Repeat exactly the lines below that lie between the line with "Tourists near Erechtheum" and the line with "Nike Boys' Shoes for sale | eBay", counting both of those lines as part of the answer.

Working data:
-*-*-

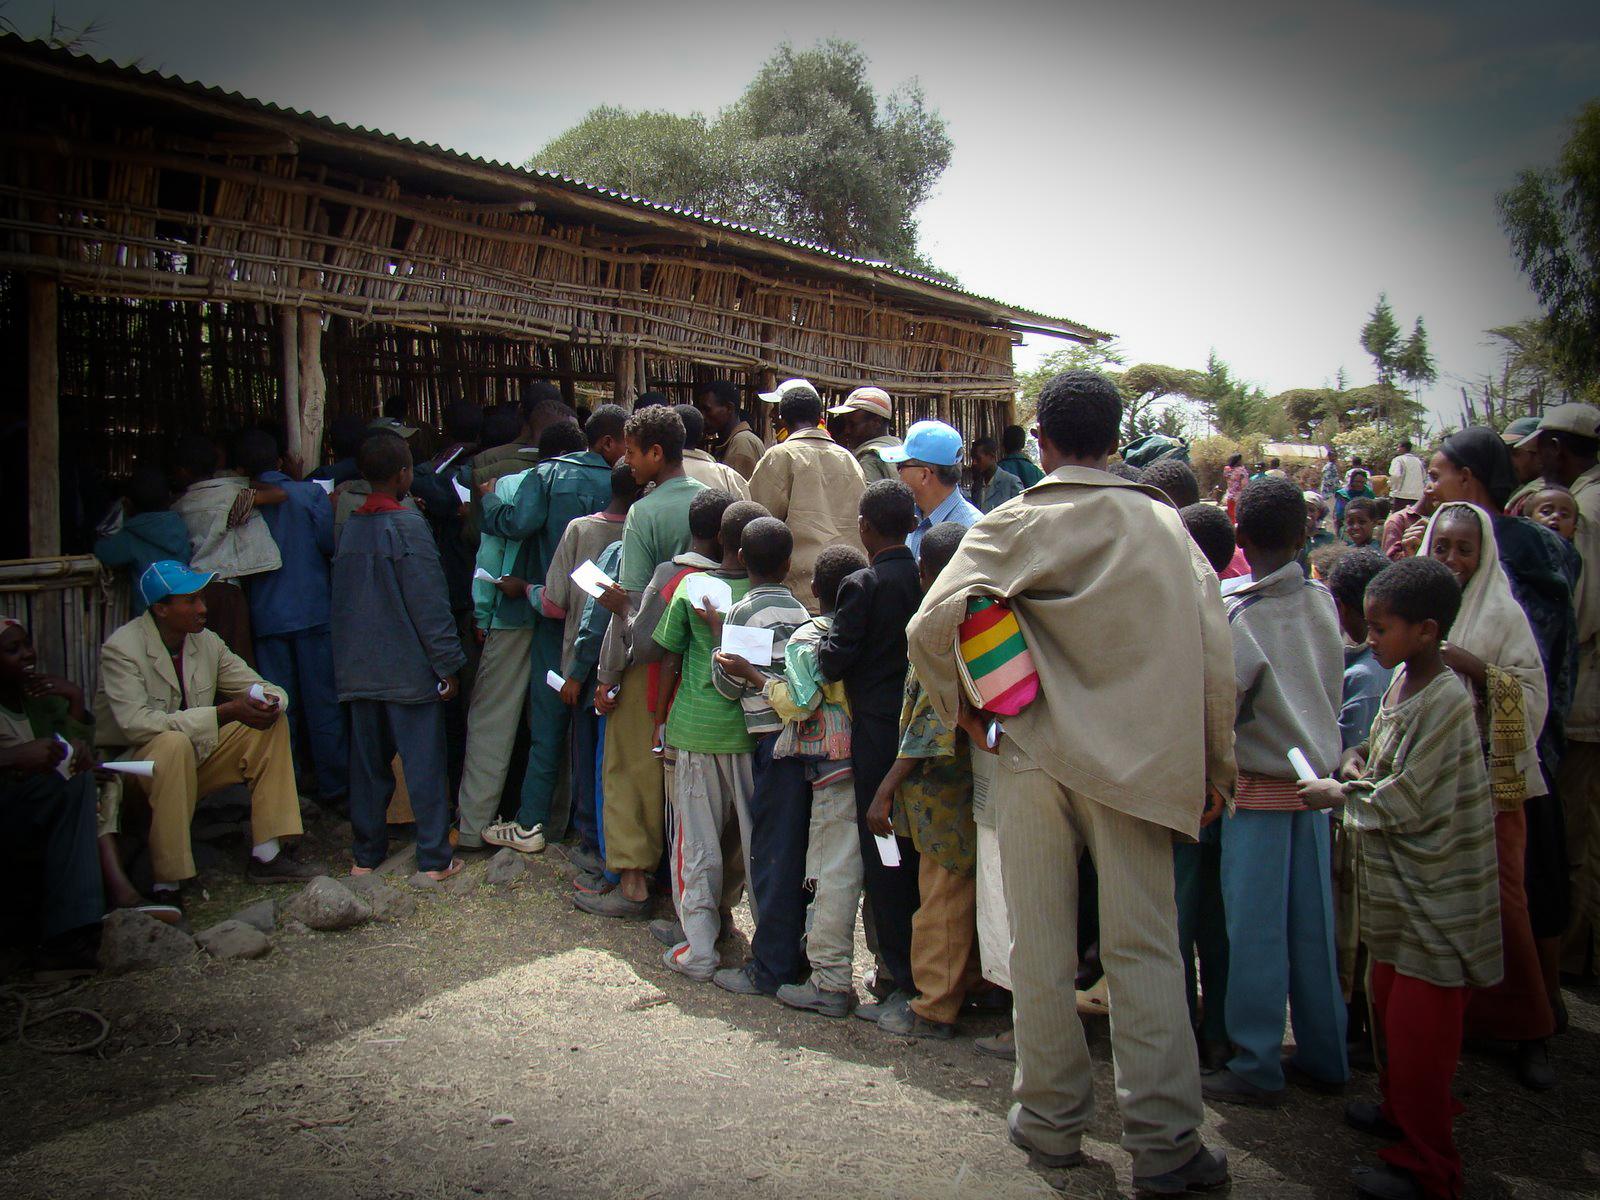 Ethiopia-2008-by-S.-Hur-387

-*-*-

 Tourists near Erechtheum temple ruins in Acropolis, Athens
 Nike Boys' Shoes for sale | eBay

-*-*-

Your response:
 Tourists near Erechtheum temple ruins in Acropolis, Athens
 Nike Boys' Shoes for sale | eBay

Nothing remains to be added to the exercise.